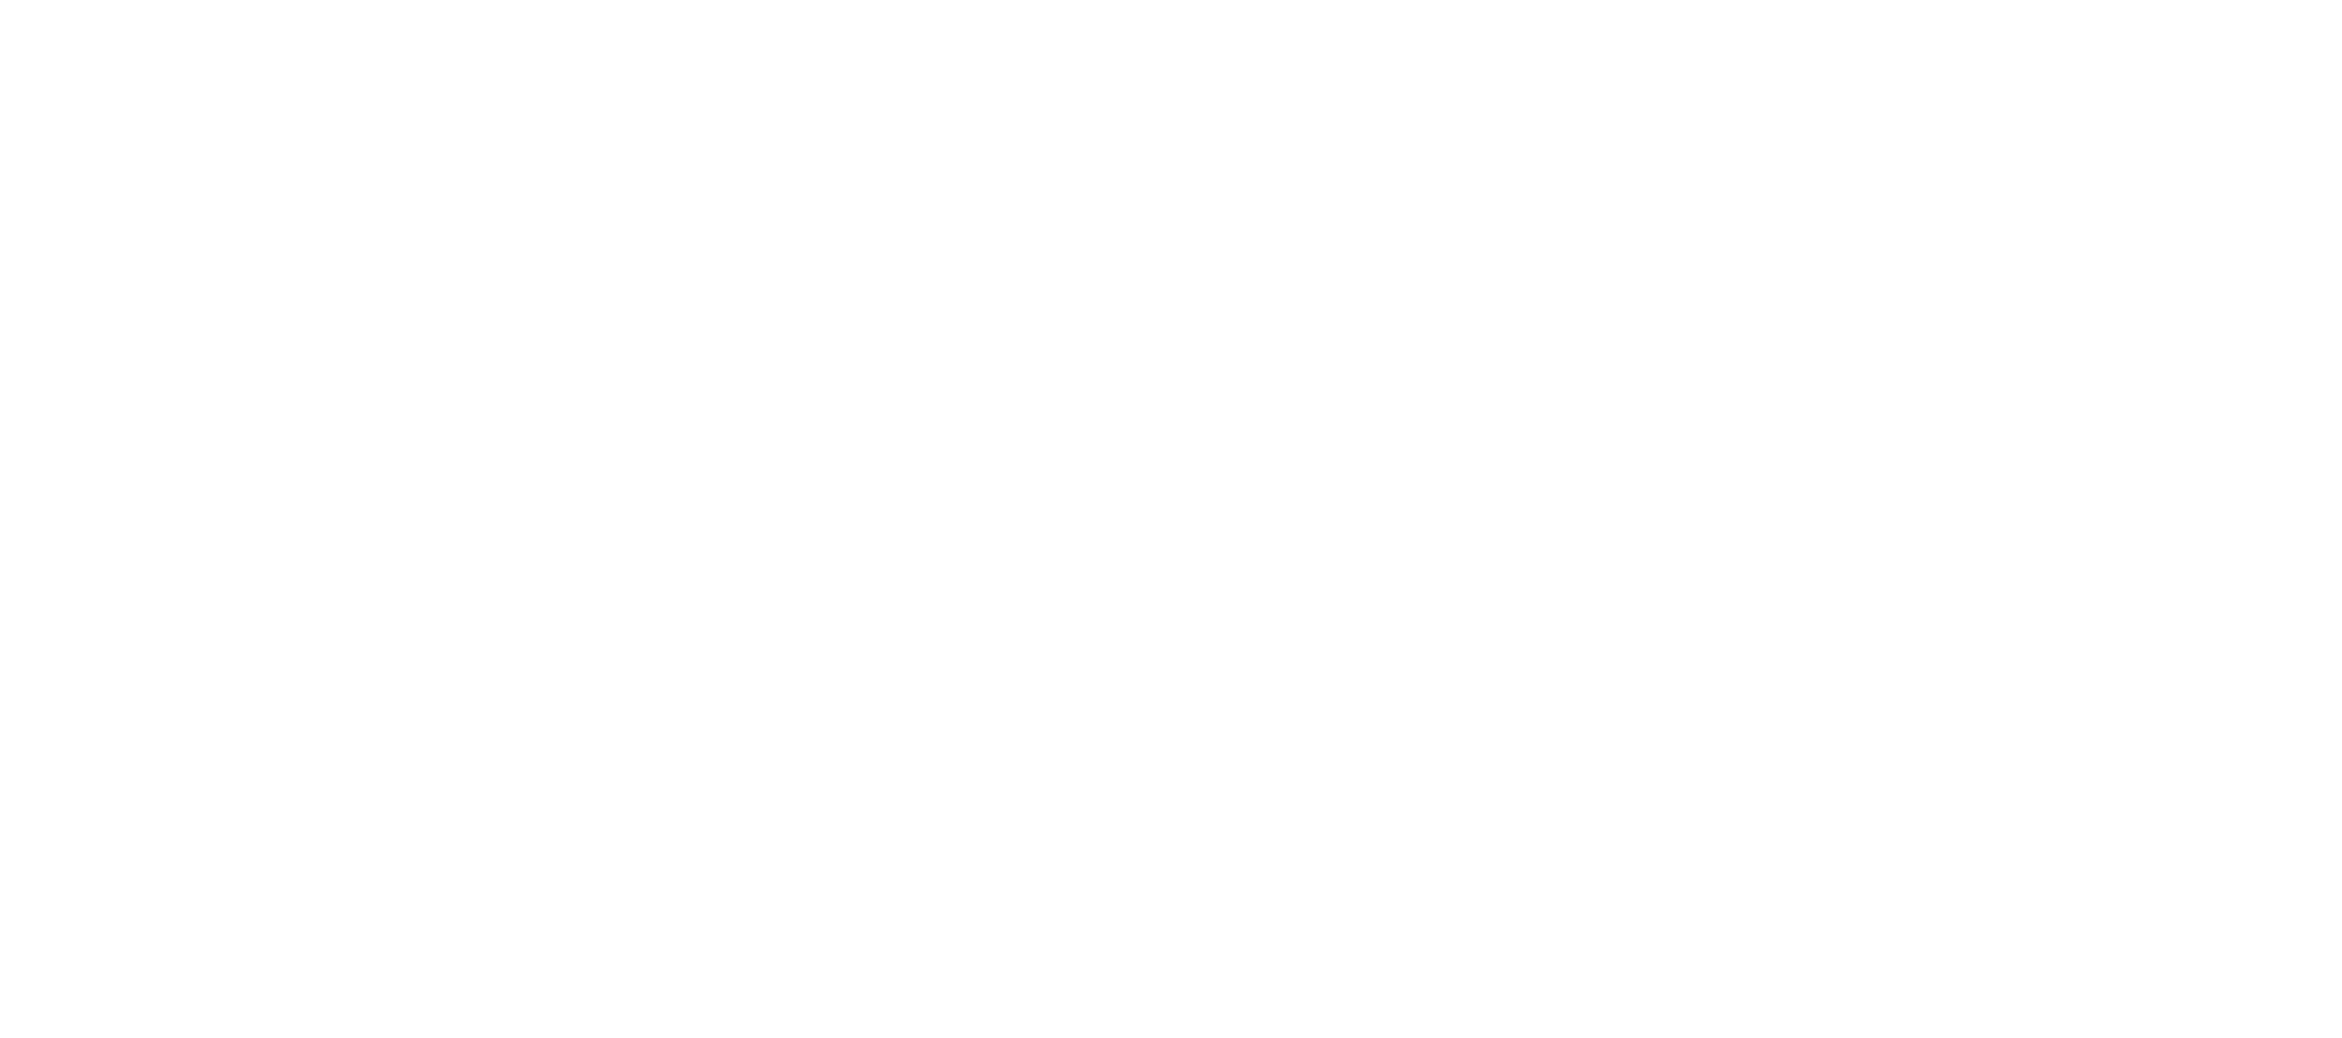 1280px-Amazon_Web_Services_Logo.svg
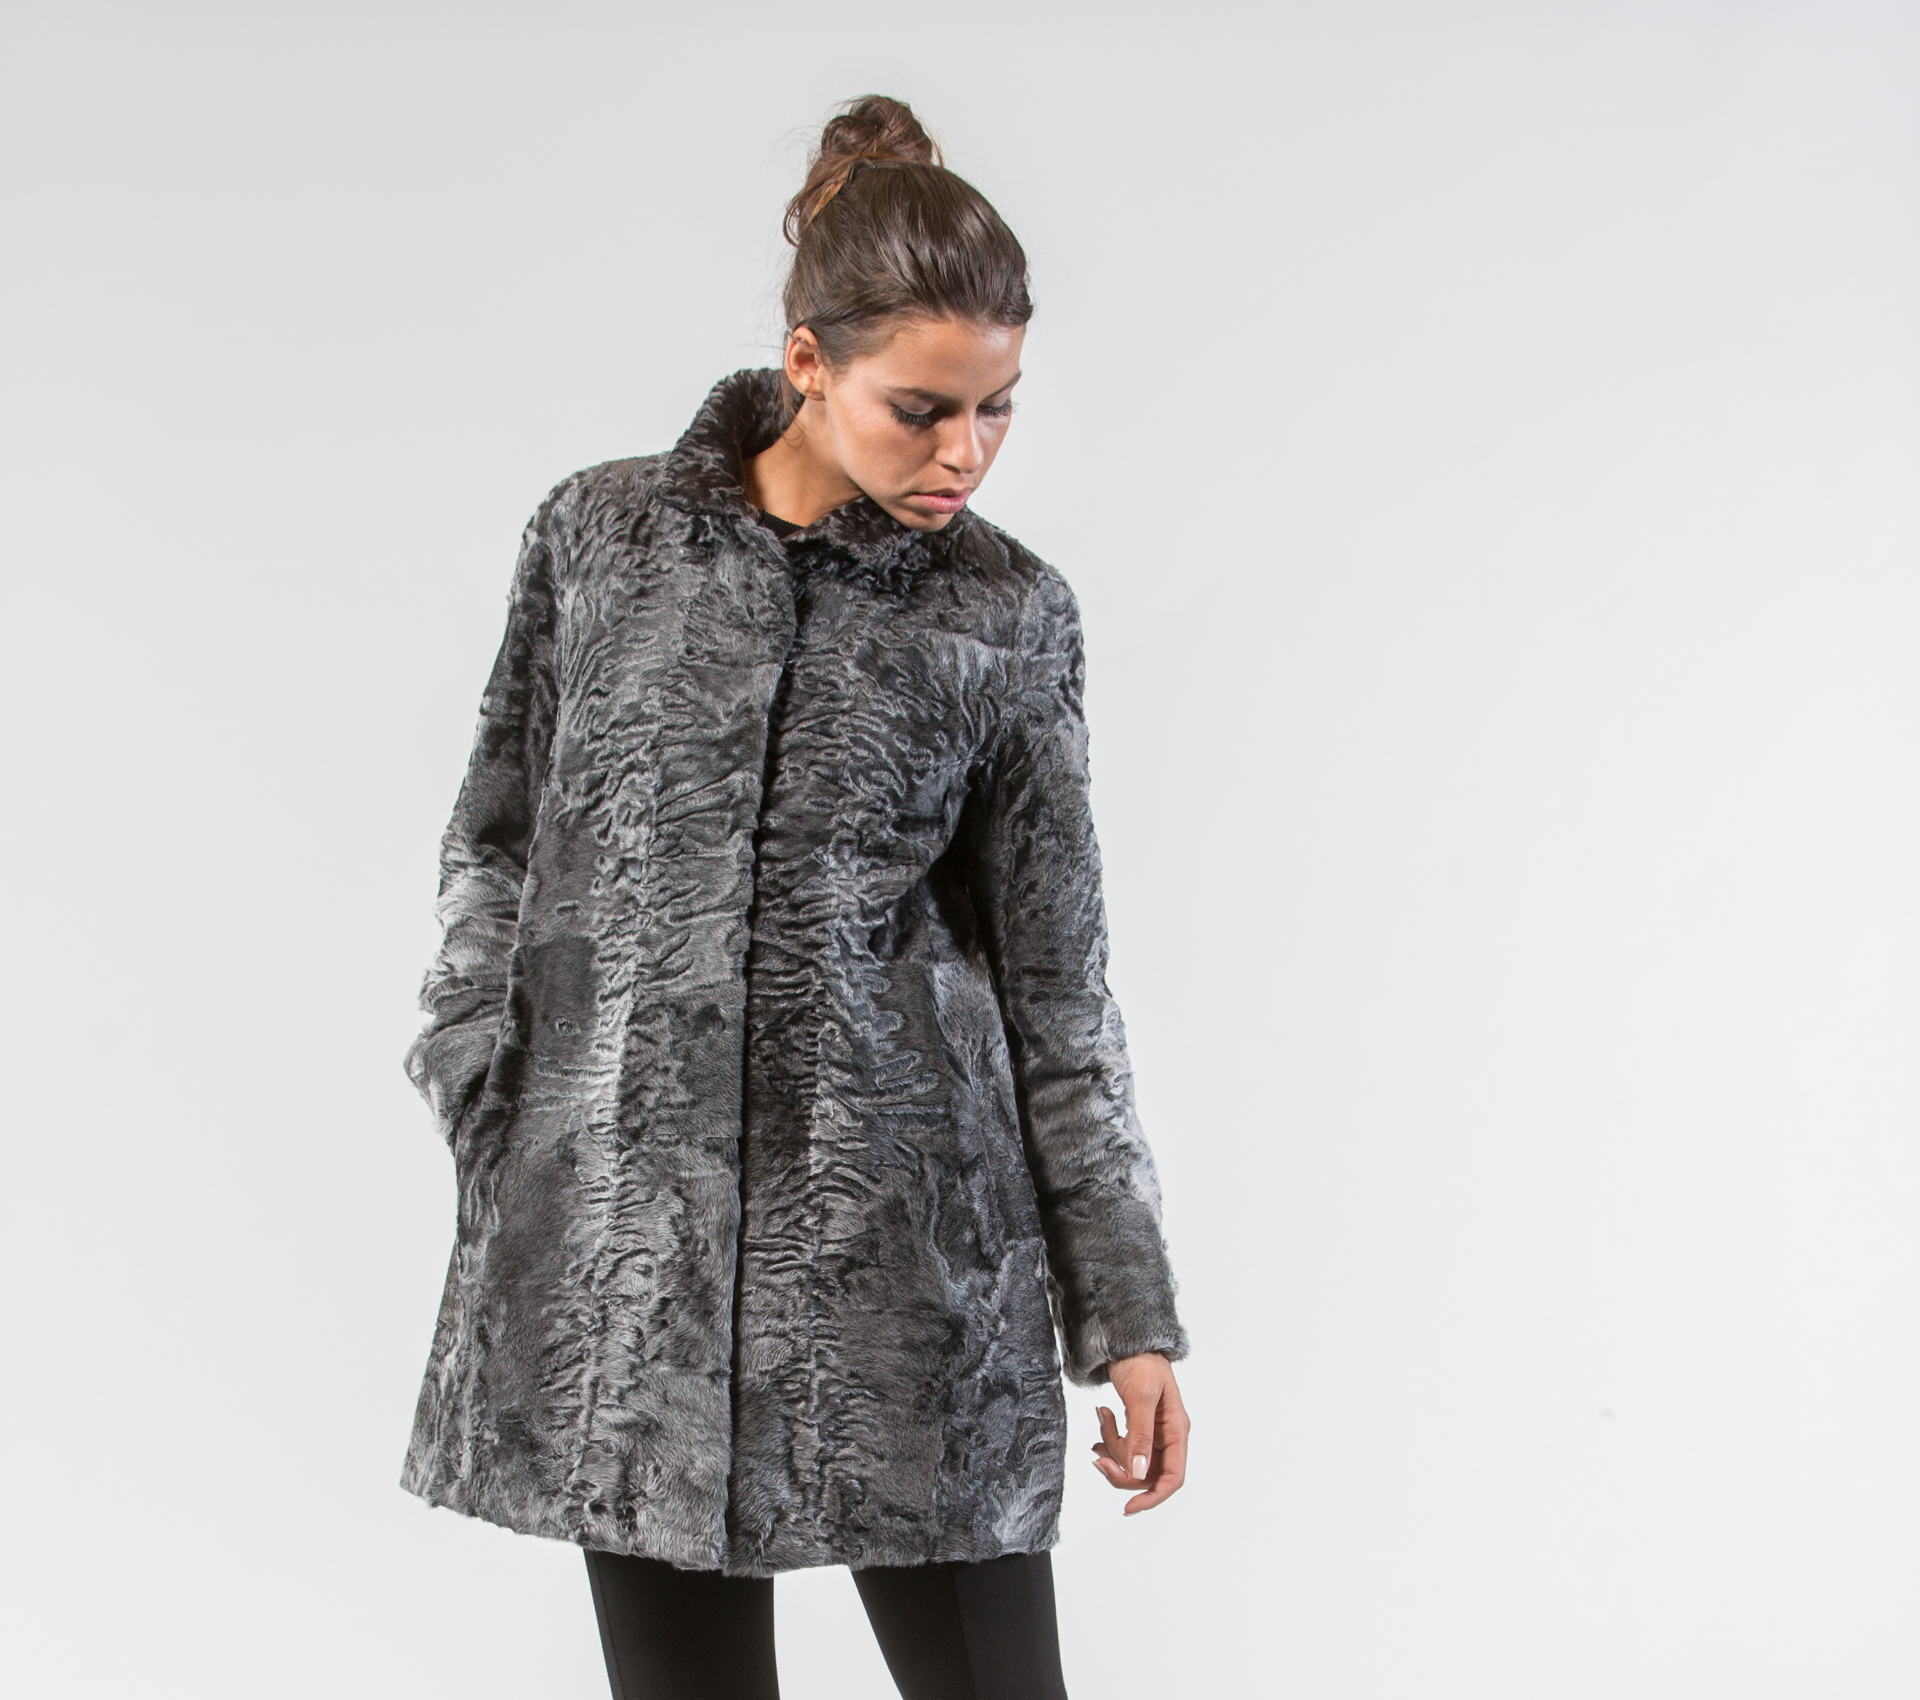 Gray Astrakhan Long Fur Jacket .100% Real Fur Coats and Accessories.
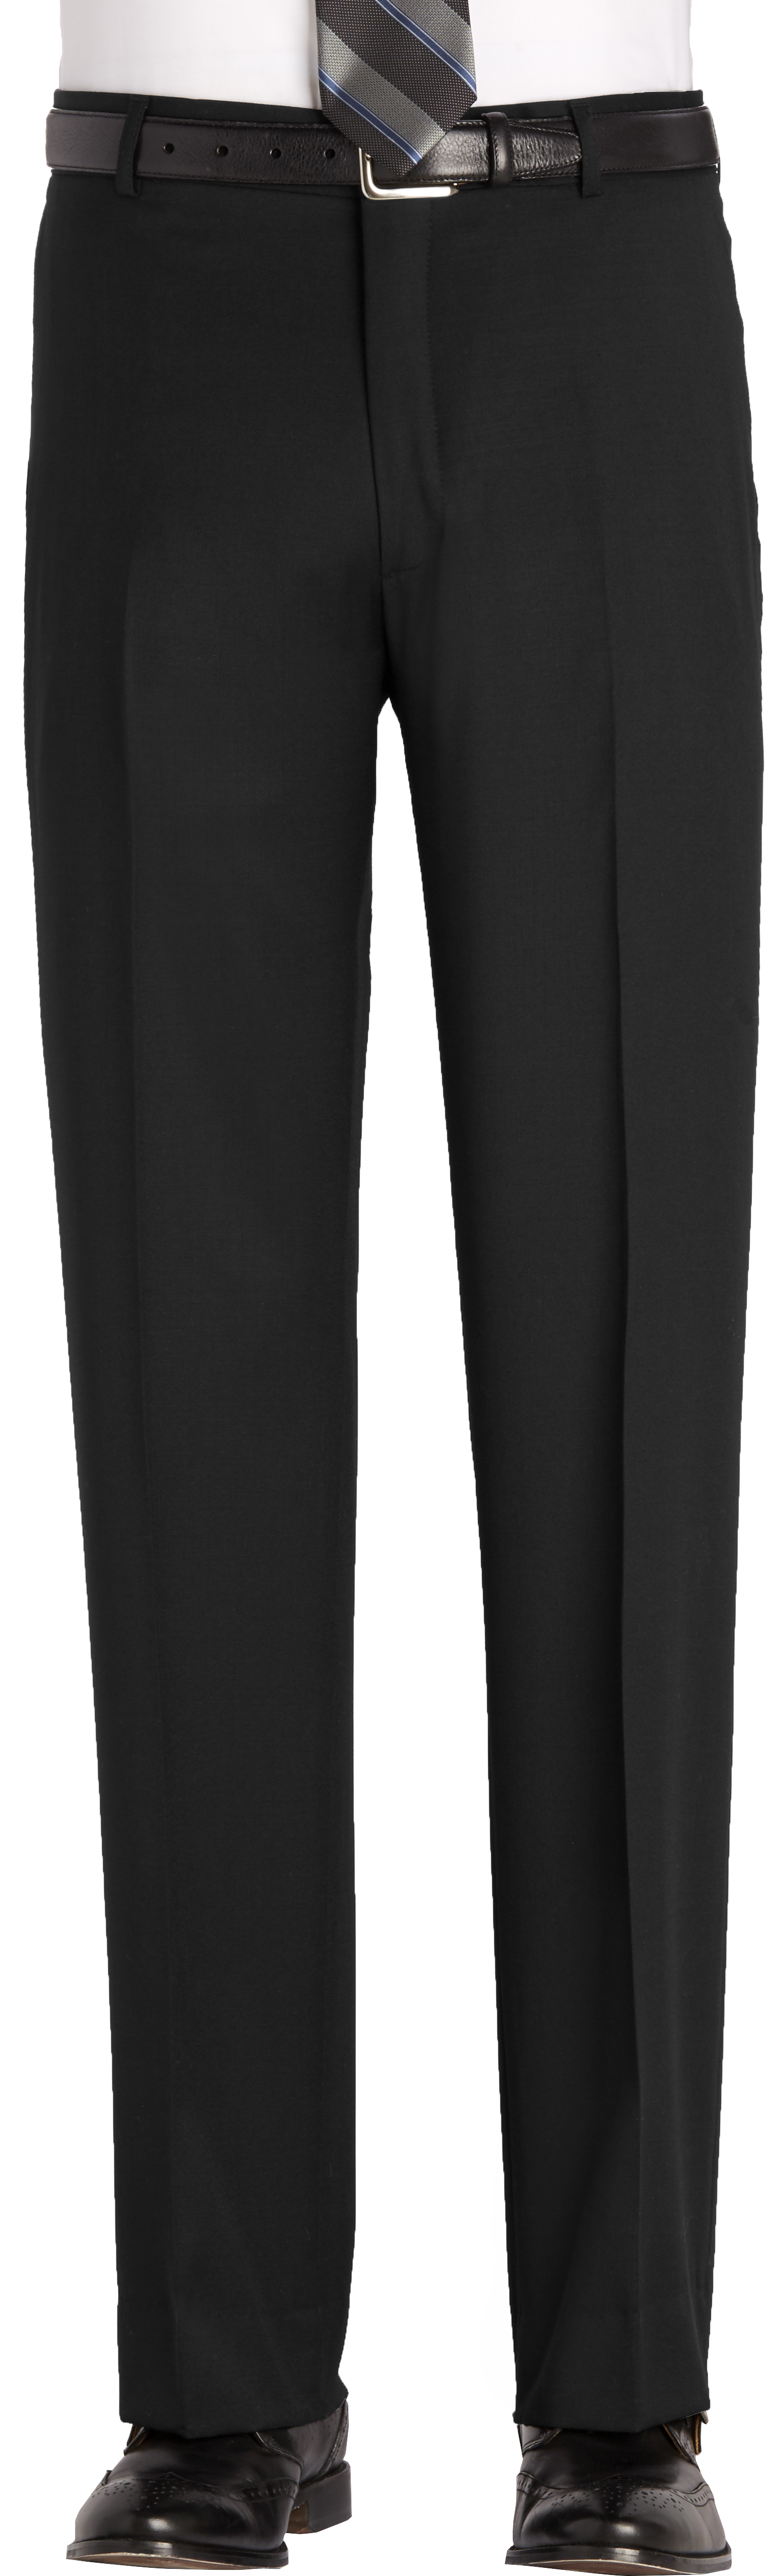 wholesale Black Dress Pants synfulauth.com

_____

▸ Exercise description: All that is needed here is the run of lines from the one containing "Gray Astrakhan Long" through the end of the material above, reproduced exactly and without pictures.

▸ The answer:
 Gray Astrakhan Long Fur Jacket .100% Real Fur Coats and Accessories.
 wholesale Black Dress Pants synfulauth.com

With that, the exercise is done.